Furnace Maintenance & Carbon Monoxide

a field of flowers

Carbon Monoxide Exposure

A home’s heating and air conditioning system should provide many years of trouble free service with proper maintenance. But heating systems won’t just keep chugging along, year after year, with little or no maintenance.

an infographic

Improperly maintained heating equipment may compromise personal in home safety by becoming a fire hazard or causing dangerously high levels of Carbon Monoxide. Carbon Monoxide exposure can cause serious injury or death. Initial symptoms are similar to flu, and include headache, fatigue, shortness of breath, nausea and dizziness.


Carbon monoxide is an odorless, colorless, tasteless gas that kills more than 500 Americans every year.

Open windows and doors to ventilate the rooms if you suspect Carbon Monoxide poisoning in your home. In severe cases of Carbon Monoxide exposure, evacuate the home.

Annual inspections of all systems that produce Carbon Monoxide are recommended by the U.S. Consumer Product Safety Commission … including household furnaces and heating units.

Only trust your family’s health and safety to a qualified and licensed technician who will ensure the job is done properly, safely and according to code. Any safety inspection should include an initial furnace inspection and diagnostic test, a carbon monoxide test, an electrical components inspection, testing for gas leaks, and verification of safety shut off switches.

In addition to operating safely, your gas furnaces should also operate both efficiently. If you schedule an inspection with AirOne Heating and Air Conditioning, our technicians can verify that your gas furnace is producing the correct amount of heat and moving the right amount of air. Poor air flow is a major cause of heat exchanger failures that result in Carbon Monoxide exposure.

How Much Carbon Monoxide Is Too Much?

What should you do if your carbon monoxide (CO) detector goes off? Do what the experts recommend… open windows and doors immediately to clear the home of any potential CO. Then have someone, your gas company, the fire department, or a reputable service company like AirOne check your gas furnace and other appliances and verify the homes CO level.

Check the batteries on your CO detector … if they are battery operated. If you decide to replace your older CO detectors look for replacement detectors that will detect even low levels of CO concentrations and will display the actual CO level.

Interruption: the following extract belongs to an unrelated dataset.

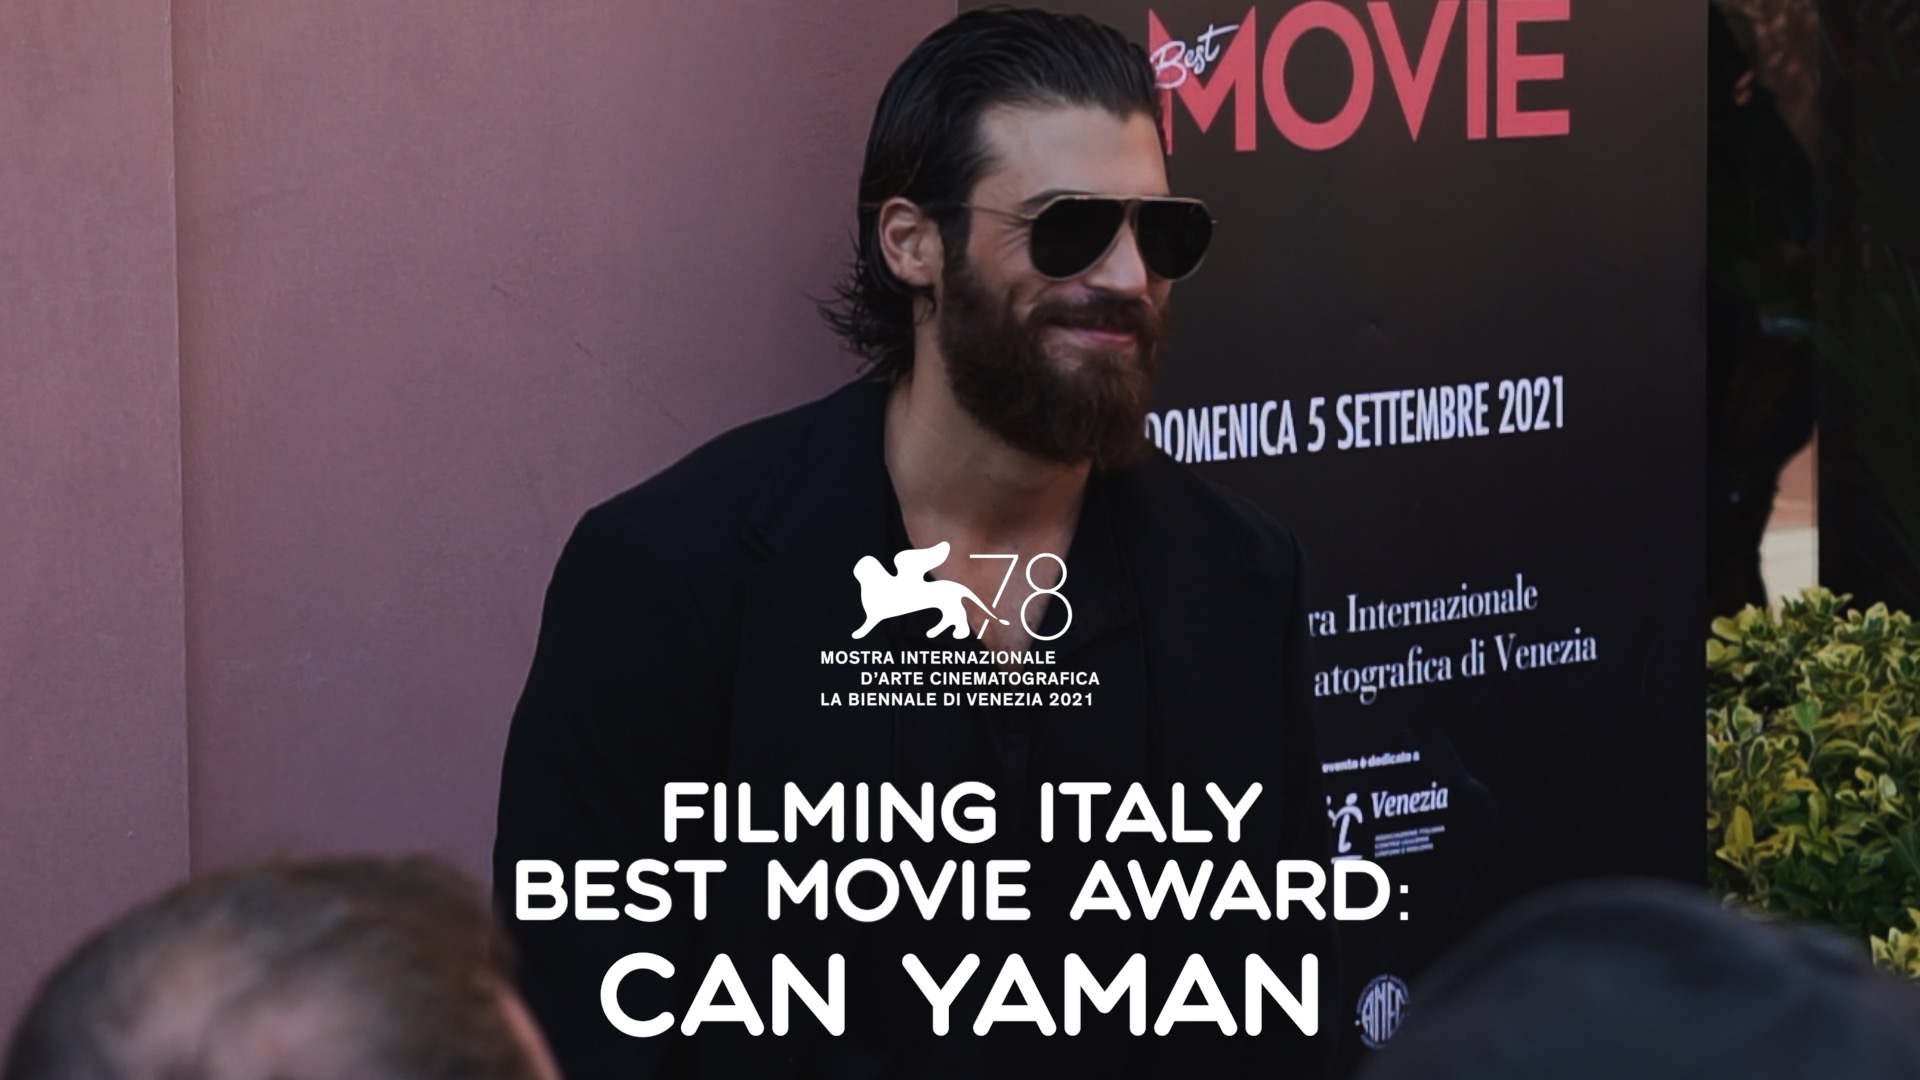 can yaman al filming italy best movie award 2021

What should you do if you have gas appliances and do not have CO detectors in your home? Get them.

The effects of CO poisoning are progressive depending on the level of carbon monoxide and the exposure time. The early effects may include dizziness, headaches, fatigue, nausea and/or disorientation. Long term exposure to low CO levels can be particularly difficult to recognize.

In reality, very low levels of carbon monoxide can be found almost anywhere, but especially along busy urban streets. Very low levels … of 0.5 to 5 parts per million (ppm) are considered normal in many urban areas.

Inhaled carbon monoxide is absorbed into the bloodstream where it collects. The CO blocks and replaces the oxygen in the blood.

The Human Senses Cannot Detect The Presence Of Carbon Monoxide.

Generally Accepted CO Exposure Guidelines in PPM

800 ..…. may result in nausea, convulsions, and possible death within 2 hours

400 …… headaches within 1-2 hours, and life threatening within 3 hours

70 ……. any reliable CO detector should be sounding at this level

50 ….… federal law lists 50 ppm as the maximum average level for continuous exposure in an eight hour work day.

10-35 …small children, elderly, and those suffering respiratory problems are at particular risk, depending on exposure time. Home bound family members may be the first to display symptoms of CO poisoning.

9 ……… levels commonly measured along busy street and near busy intersections

1-9 …… depending on location, especially in urban areas, these concentrations may not be avoidable without life style changes.